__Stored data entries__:
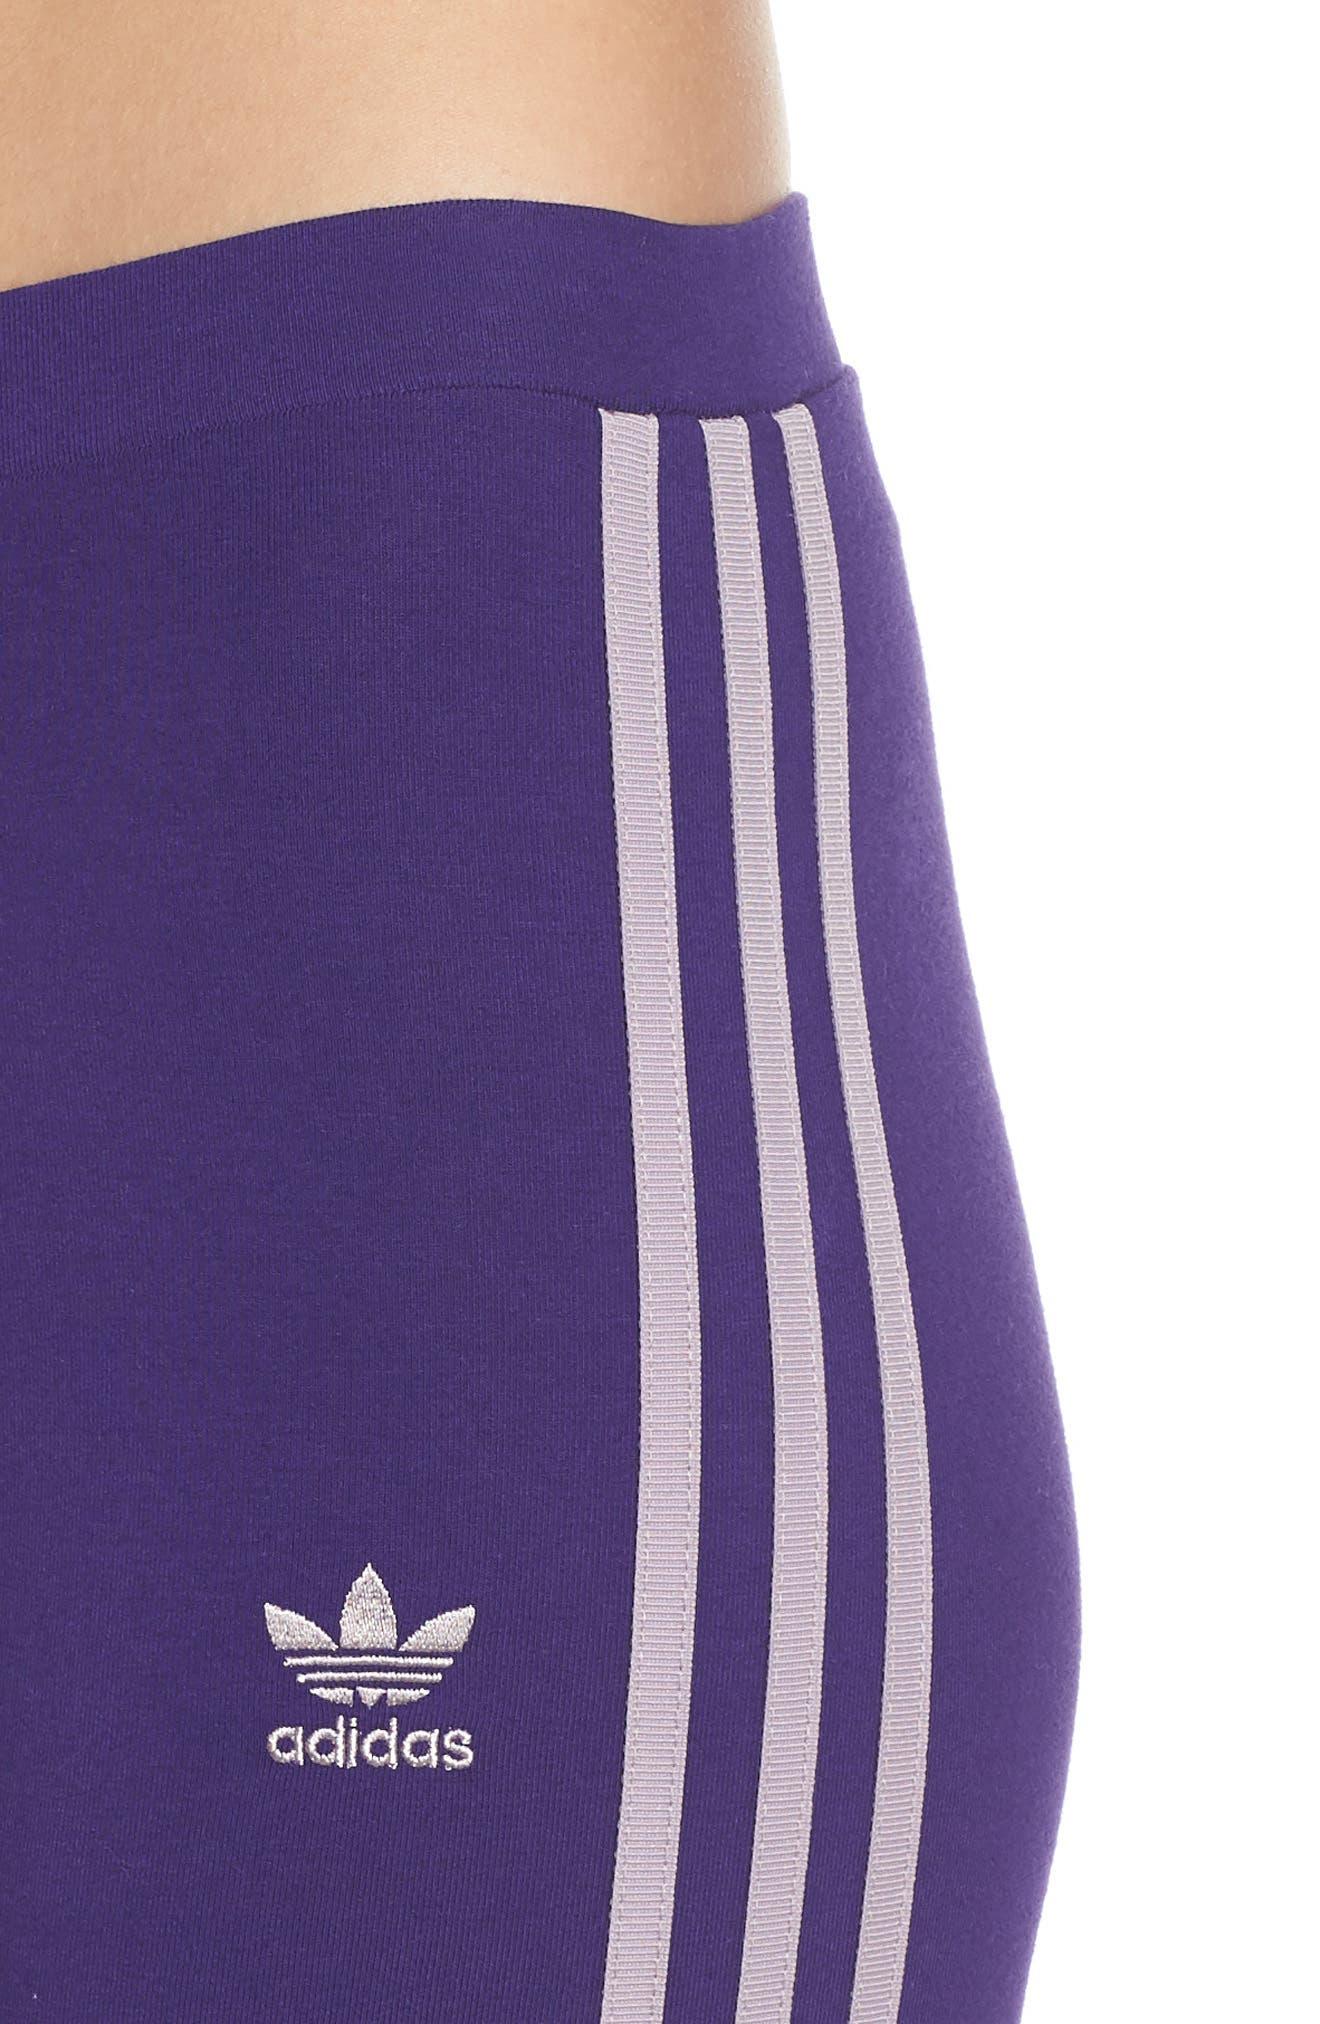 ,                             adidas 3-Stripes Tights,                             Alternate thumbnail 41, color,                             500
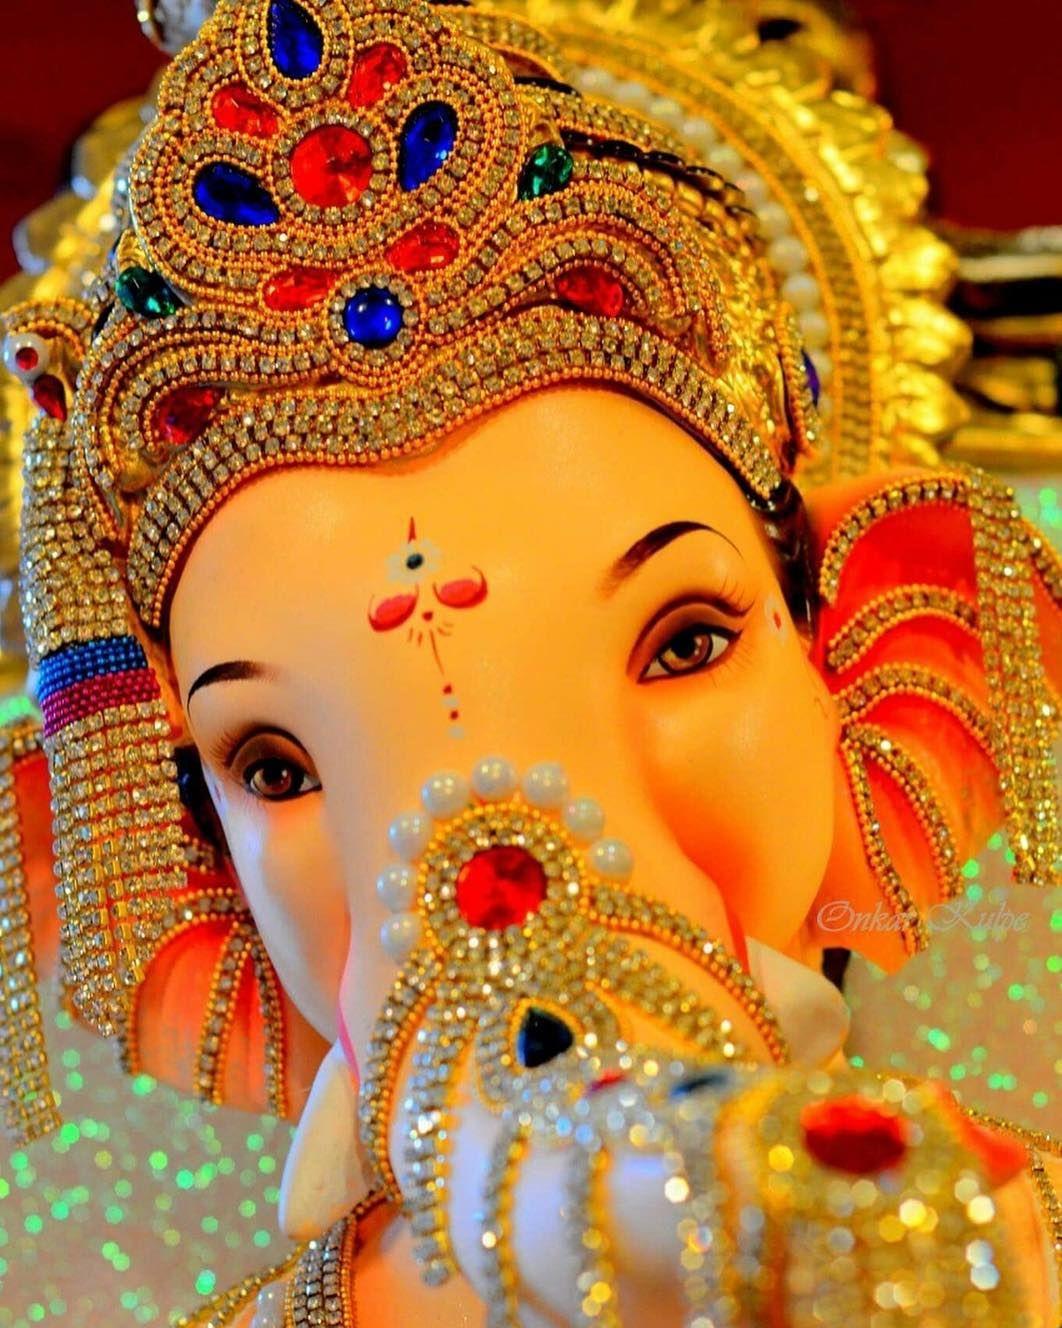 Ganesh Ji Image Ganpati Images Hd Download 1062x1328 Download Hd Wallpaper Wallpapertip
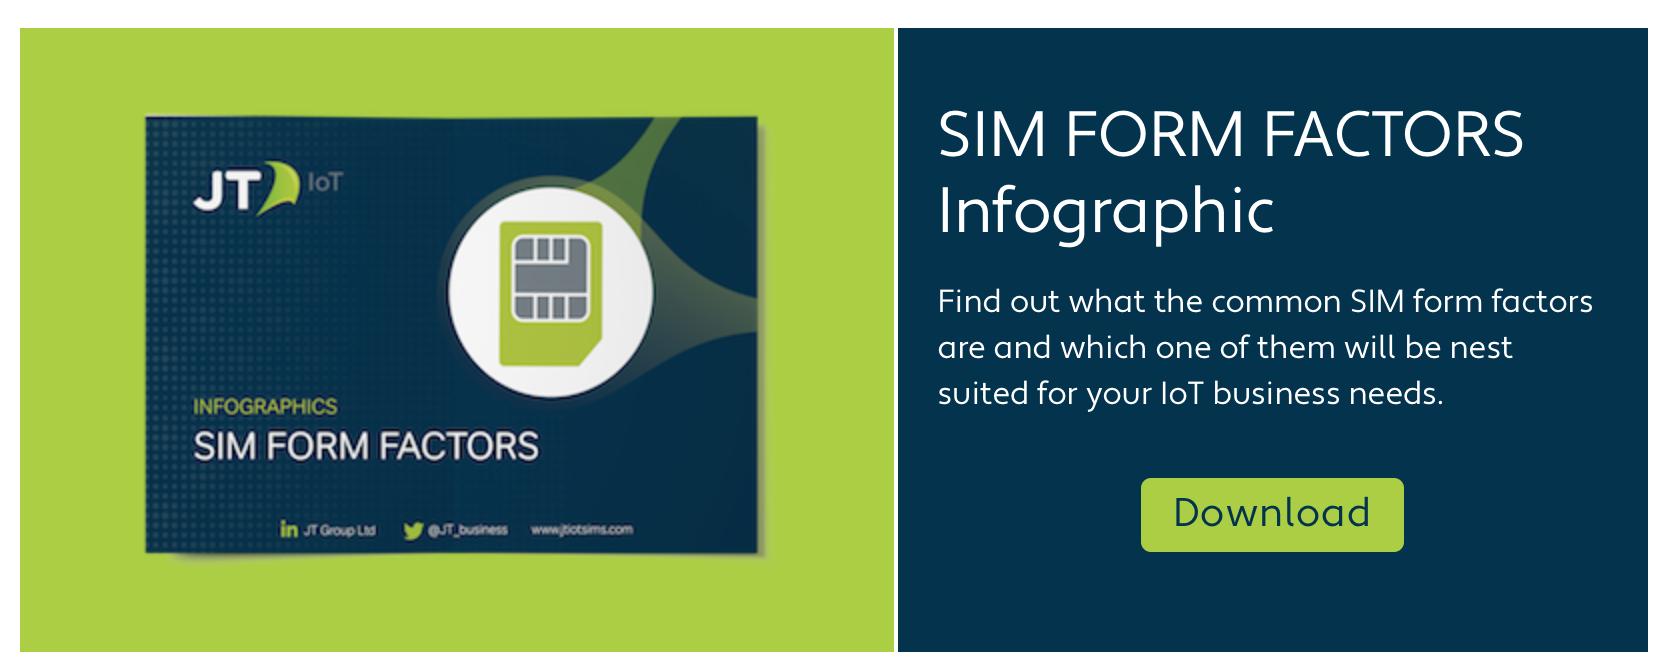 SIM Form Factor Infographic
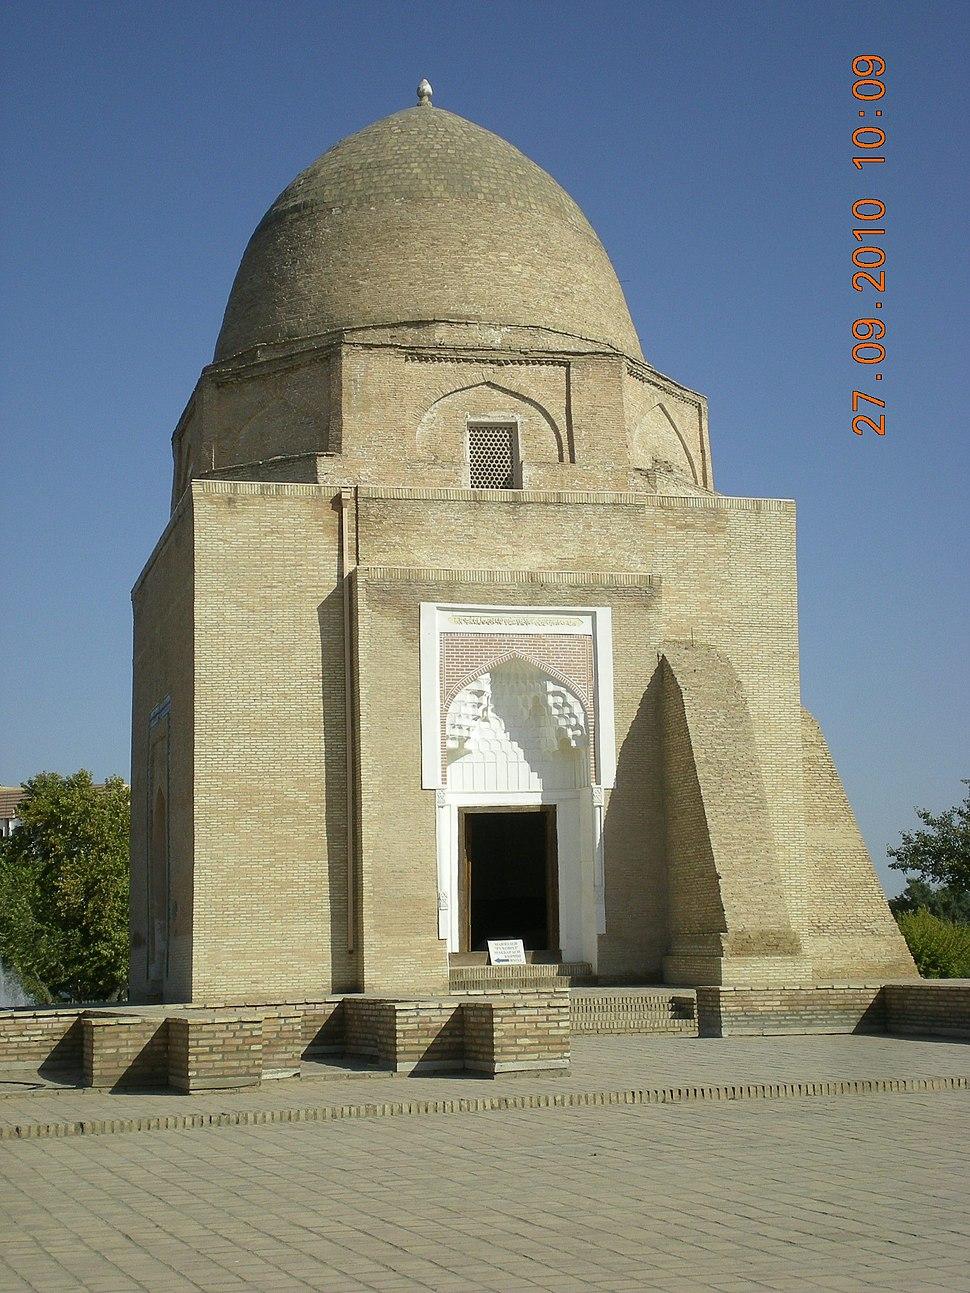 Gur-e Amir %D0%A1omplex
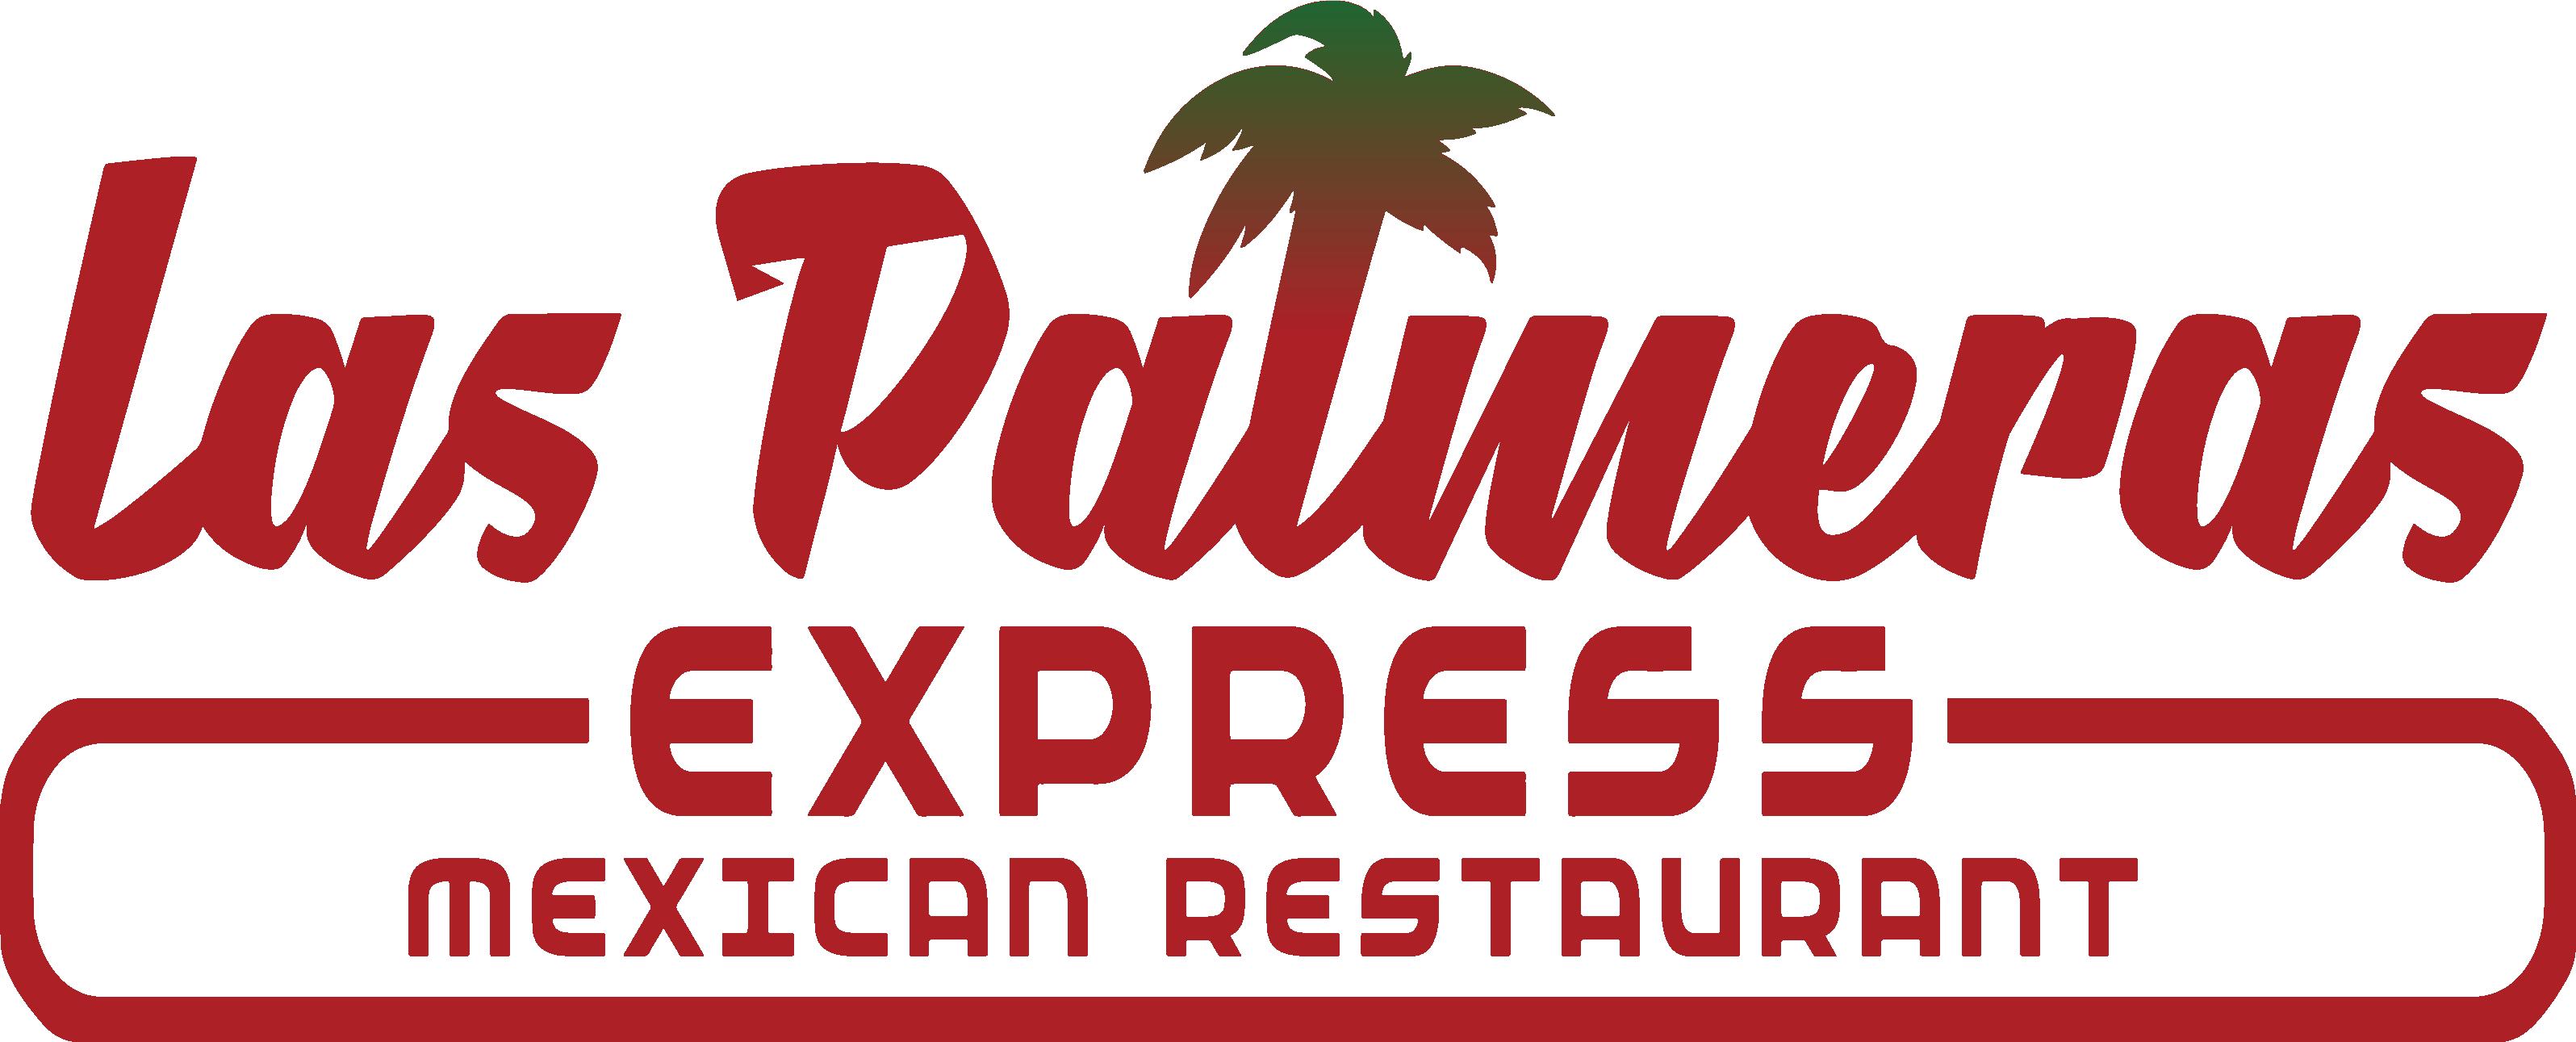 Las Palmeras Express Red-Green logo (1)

__EXERCISE__: Exclude the pictures and write out exactly the lines from the one holding "Gur-e Amir %D0%A1omplex" through the end of the entries, inclusive, and only those.

__WRITTEN REPLY__:
 Gur-e Amir %D0%A1omplex
 Las Palmeras Express Red-Green logo (1)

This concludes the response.